Provided information Start Marker
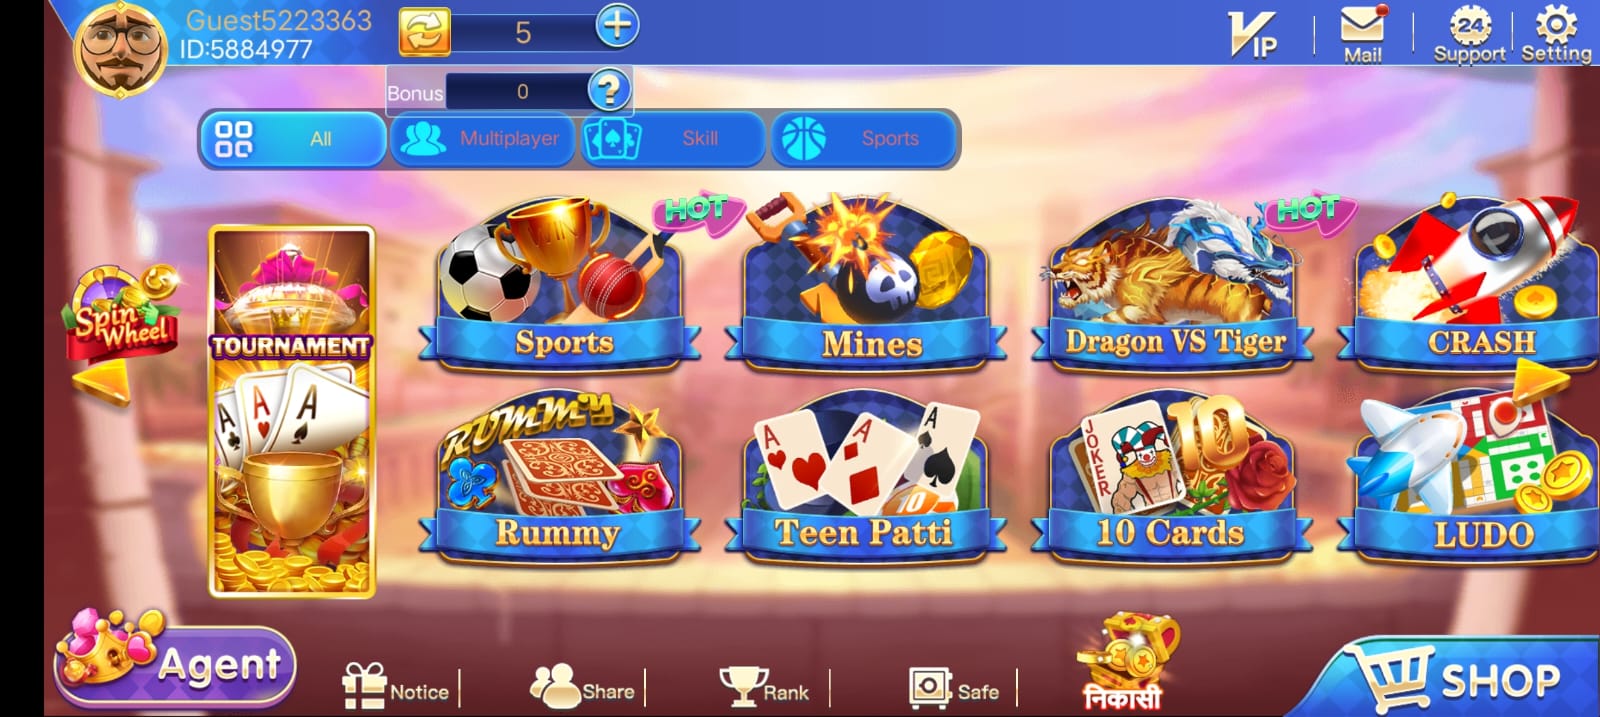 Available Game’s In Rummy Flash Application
Provided information End Marker
Provided information Start Marker
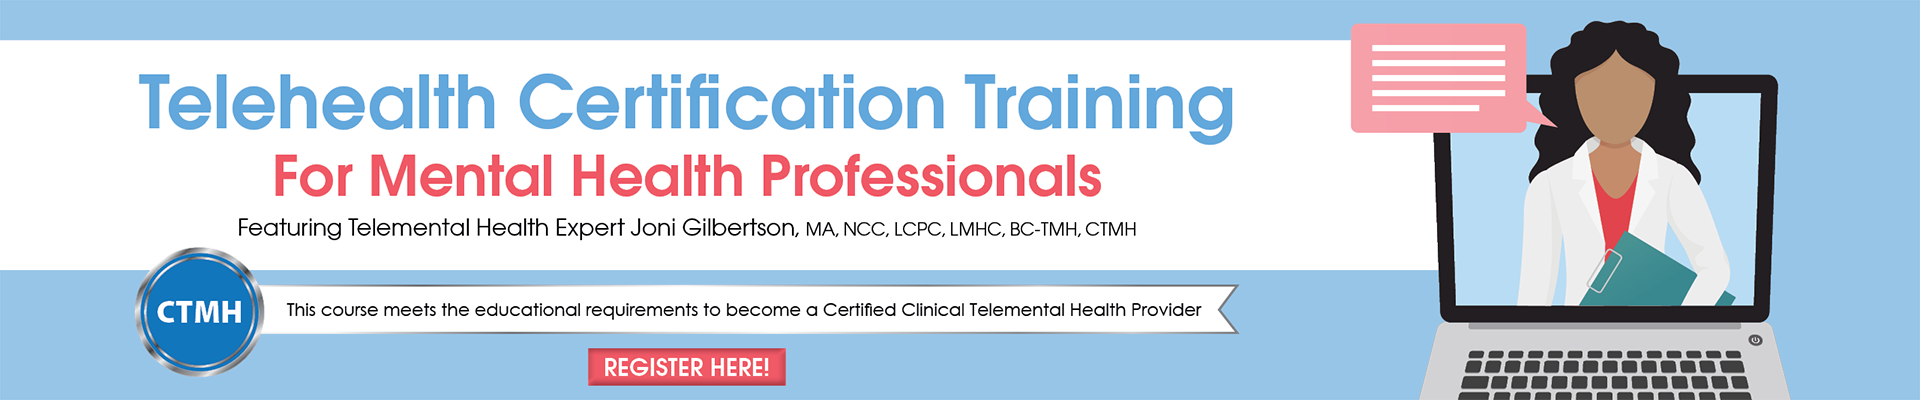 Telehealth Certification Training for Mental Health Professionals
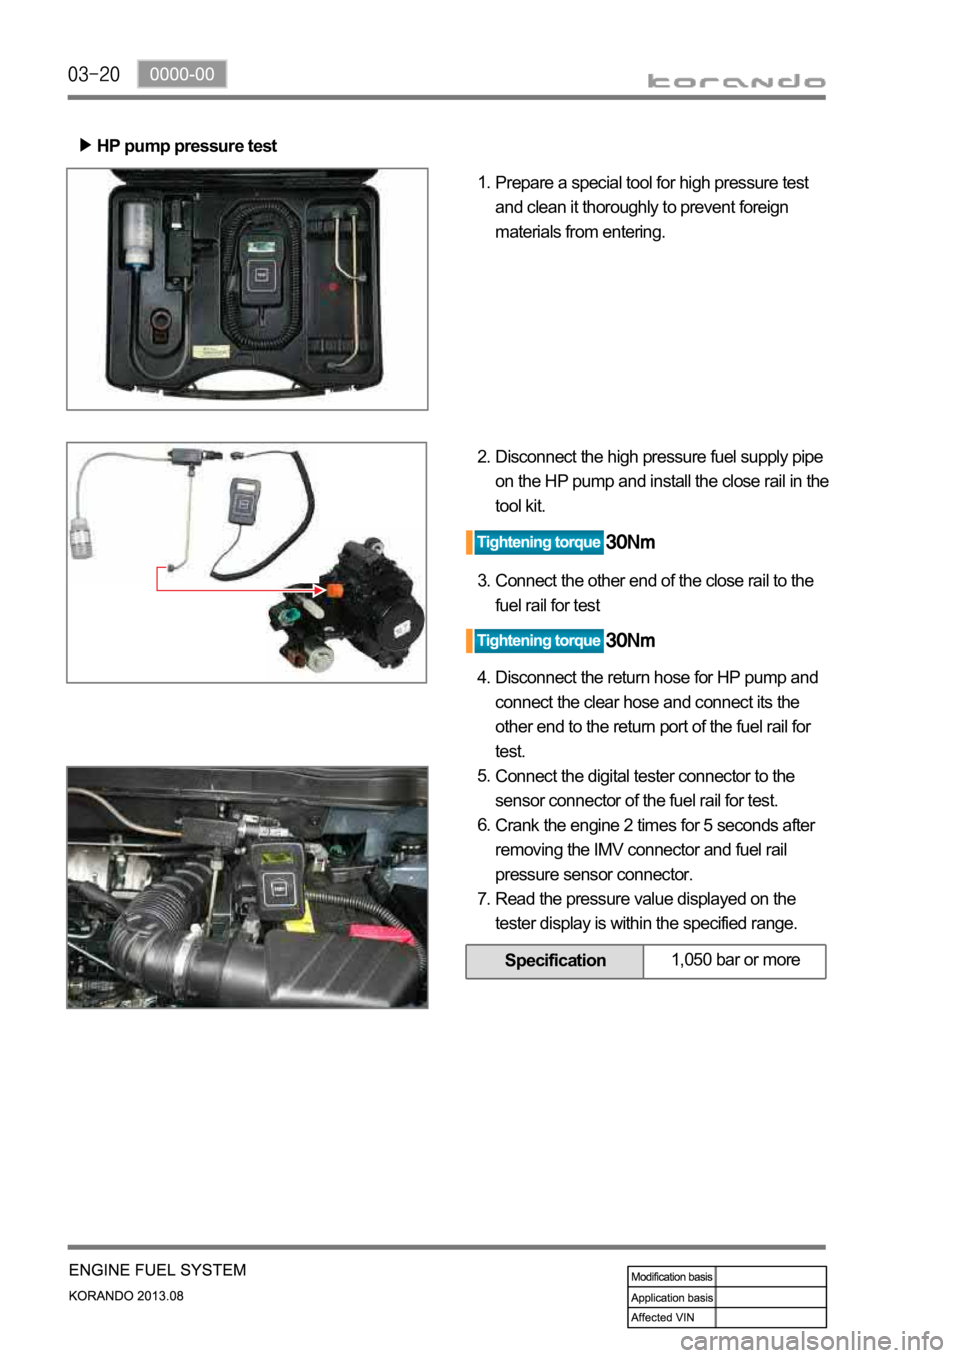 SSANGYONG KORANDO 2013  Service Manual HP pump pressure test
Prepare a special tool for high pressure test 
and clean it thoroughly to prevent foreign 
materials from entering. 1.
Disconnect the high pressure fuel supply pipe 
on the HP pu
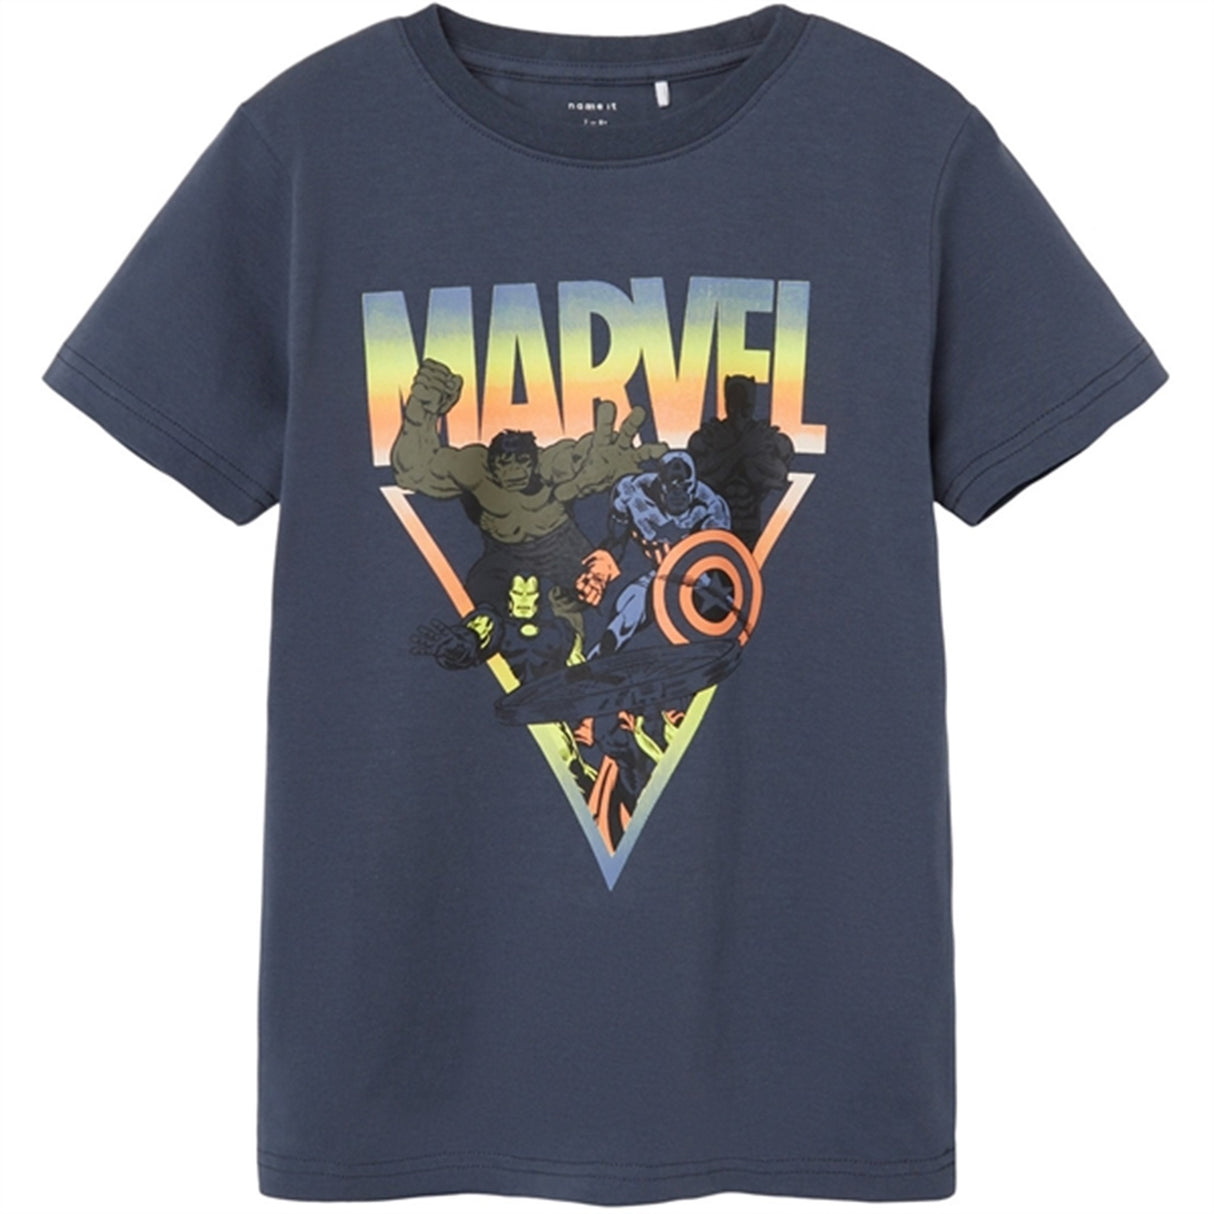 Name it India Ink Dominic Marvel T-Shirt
Provided information End Marker
Problem to work on: Using the data above, copy exactly the lines from the one containing "materials from entering. 1." to the one containing "Name it India Ink Dominic Marvel T-Shirt", inclusive. Exclude the pictures.

Finished task:
materials from entering. 1.
Disconnect the high pressure fuel supply pipe 
on the HP pu
 Name it India Ink Dominic Marvel T-Shirt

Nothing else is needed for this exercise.